The Babbel Blog

language learning in the digital age

Tech Background: Babbel Speech Recognition

Posted on June 28, 2010 by

Interview with Technical Director Thomas Holl


Speech recognition is the exciting new feature at  Babbel. It’s not only fun – it’s also amazingly efficient for learning a new language. But how does it work? I got the low down from our Technical Director Thomas.

Crisi: What does the new speech recognition tool do?

Thomas: Basically, we use pronunciation samples recorded by our native speaking course editors and compare your pronunciation to theirs. As always with Babbel, you get instant feedback.
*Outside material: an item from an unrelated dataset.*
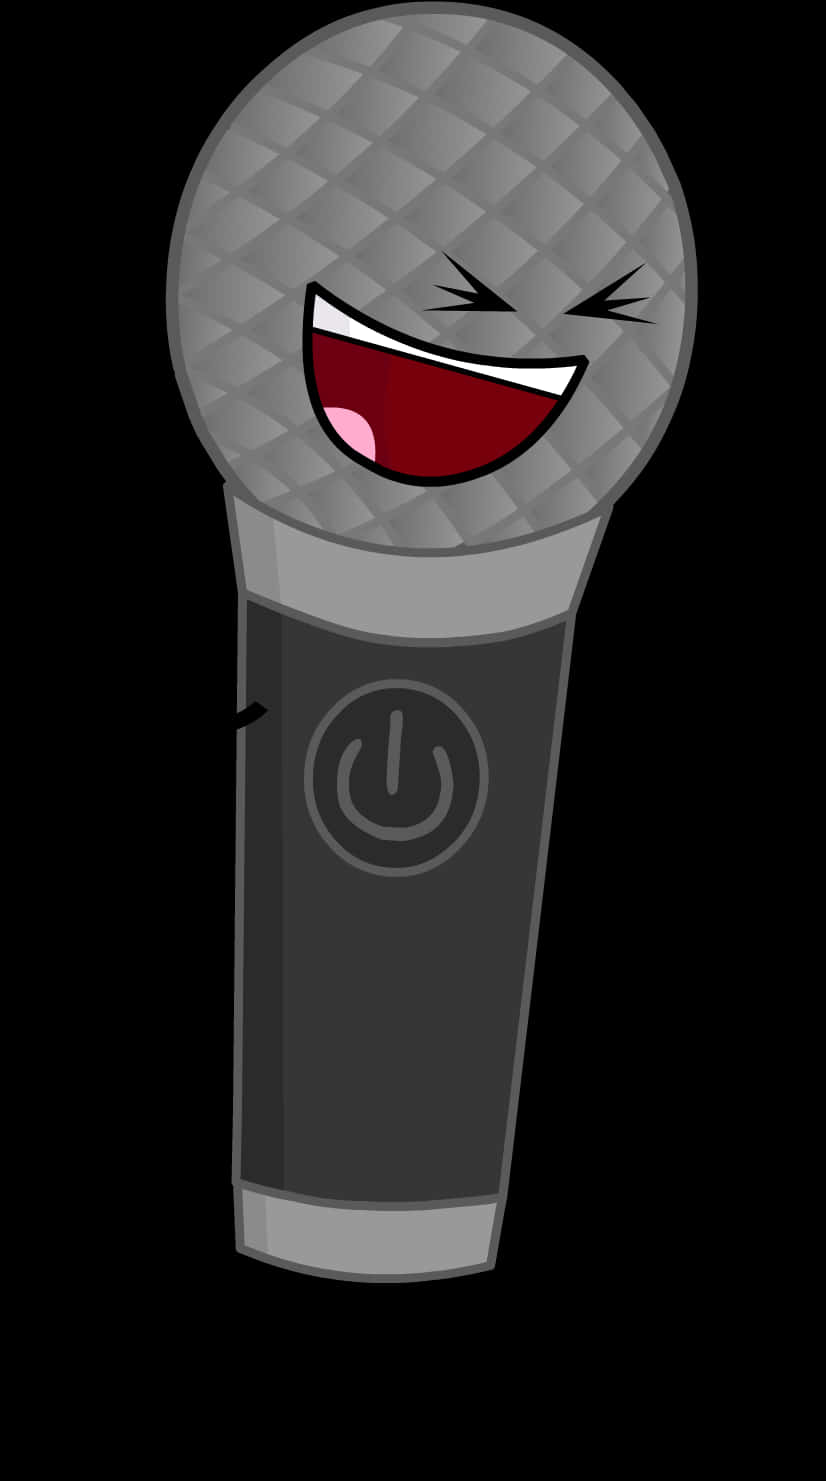 Animated Microphone Character Smiling

The closer your pronunciation is to this example, the more points you get on a scale from 0 to 100. If you get more than 50 points, you’re good enough to be generally understood.

Crisi: But if you just compare two sounds, is that really speech recognition?

Thomas: Sure, we recognize what you say. We’re now sitting in front of the screen and we are talking but you see that the score is 0 all the time. Now, try saying arrivederci.

Crisi: Arrivederci

Thomas: Nice, 78 points.  Better than Aldo Raine in “Inglorious Basterds” (see details here). Remember the hilarious scene where Brad Pitt is trying to speak Italian? We ran his pronunciation through our analysis and as you might expect he scored pretty low. But I’m digressing, sorry. Back to our little test. Your pronunciation is about 78% exact compared to our reference sample. That’s pretty good.

Crisi: Still, it’s only about comparing sounds, not about understanding what I say.

Thomas: Well, there are different sub-types of speech recognition. One is speech-to-text or voice control. That’s what you’d use to enter text or commands if you can’t use a keyboard. Recognizing words and evaluating their pronunciation is another sub-type, and that’s the technology that makes sense for language learning. We can use it for pronunciation training and for building new interactive exercises.

Crisi: So, what’s the technical challenge in this sub-type of speech recognition?

Thomas: Well, it’s not as easy as it sounds – no pun intended. It’s actually not enough to just compare two sounds. It’s a little like telling how similar two people look in two different photos. The audio samples are usually pretty different: a woman has a higher voice than a man and the tempo of speech also differs a lot. And then you have a number of artifacts…

Crisi: Artifacts?

Thomas: Noises and characteristics that are caused by the environment or the technical setup: rumbling, hissing, other sounds mixing into the voice. Most people don’t have a high-end microphone connected to their computer and in our case we just use the built-in mic on my laptop. The audio quality of what the system is hearing is pretty poor.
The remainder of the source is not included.